A Divide-and-Conquer Solver for Kernel Support Vector Machines (1311.0914v1)

Published 4 Nov 2013 in cs.LG

Abstract: The kernel support vector machine (SVM) is one of the most widely used classification methods; however, the amount of computation required becomes the bottleneck when facing millions of samples. In this paper, we propose and analyze a novel divide-and-conquer solver for kernel SVMs (DC-SVM). In the division step, we partition the kernel SVM problem into smaller subproblems by clustering the data, so that each subproblem can be solved independently and efficiently. We show theoretically that the support vectors identified by the subproblem solution are likely to be support vectors of the entire kernel SVM problem, provided that the problem is partitioned appropriately by kernel clustering. In the conquer step, the local solutions from the subproblems are used to initialize a global coordinate descent solver, which converges quickly as suggested by our analysis. By extending this idea, we develop a multilevel Divide-and-Conquer SVM algorithm with adaptive clustering and early prediction strategy, which outperforms state-of-the-art methods in terms of training speed, testing accuracy, and memory usage. As an example, on the covtype dataset with half-a-million samples, DC-SVM is 7 times faster than LIBSVM in obtaining the exact SVM solution (to within $10^{-6}$ relative error) which achieves 96.15% prediction accuracy. Moreover, with our proposed early prediction strategy, DC-SVM achieves about 96% accuracy in only 12 minutes, which is more than 100 times faster than LIBSVM.

Authors (3)

Cho-Jui Hsieh (211 papers)
Si Si (24 papers)
Inderjit S. Dhillon (62 papers)

Citations (166)

View on Semantic Scholar

Summary

The paper introduces DC-SVM, a novel framework using a divide-and-conquer approach with kernel k-means clustering to efficiently solve large-scale kernel SVM optimization problems.
Empirical results show DC-SVM finds exact solutions for large datasets up to 7 times faster than LIBSVM and achieves high accuracy approximation over 100 times faster.
DC-SVM offers a scalable solution for kernel SVMs with potential applications and future research avenues in other complex models, distributed learning, and advanced clustering methods.

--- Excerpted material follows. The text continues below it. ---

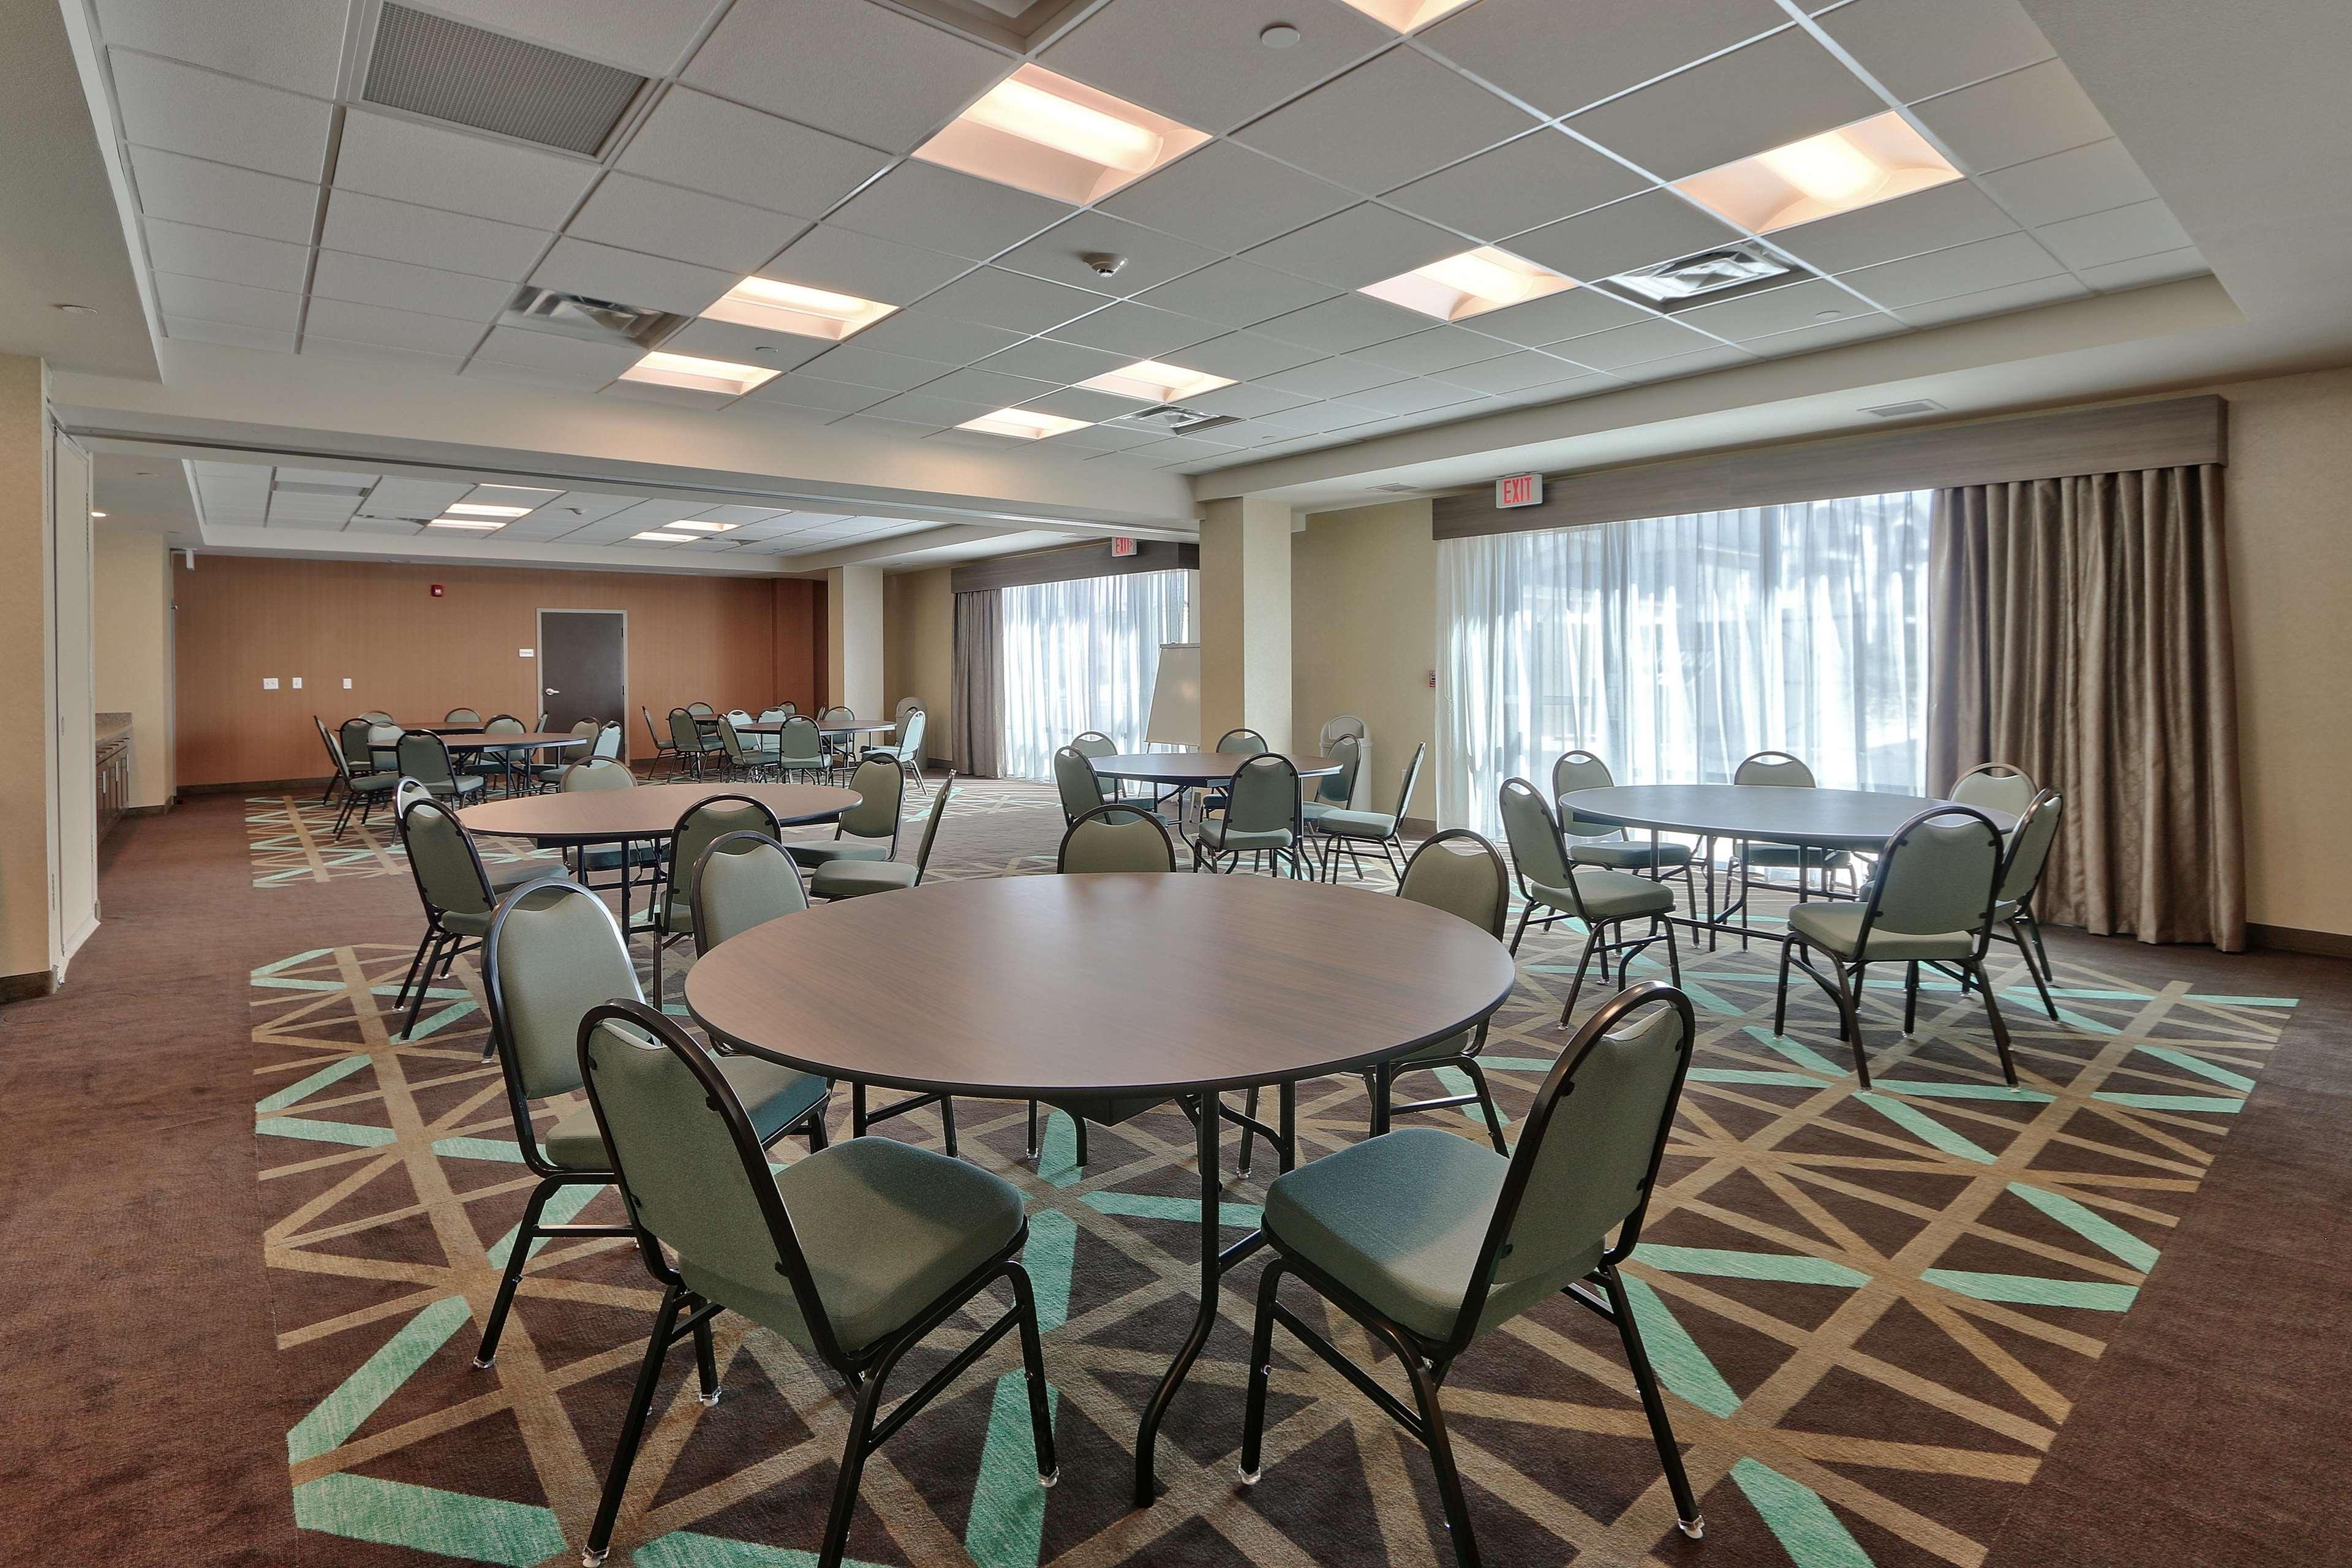 Hampton Inn & Suites Artesia image 26

A Divide-and-Conquer Approach for Efficient Kernel SVM Optimization

This paper introduces a novel algorithmic framework, the Divide-and-Conquer Solver for Kernel Support Vector Machines (DC-SVM), aimed at addressing computational bottlenecks associated with large-scale kernel SVMs, specifically when dealing with datasets containing millions of samples. Kernel SVMs are notably powerful classification tools but pose challenges in scaling due to intensive computational demands and substantial memory usage, primarily due to the dense nature of kernel matrices.

Methodology

The DC-SVM employs a divide-and-conquer strategy, partitioning the kernel SVM optimization problem into smaller, manageable subproblems via data clustering. The clustering is performed using a kernel kmeans algorithm that seeks to minimize within-cluster variance and is designed to ensure that support vectors identified in subproblems are likely support vectors in the global problem. This hierarchical clustering accelerates the computation by reducing individual subproblems to sizes where traditional solvers like LIBSVM cannot effectively operate due to resource constraints.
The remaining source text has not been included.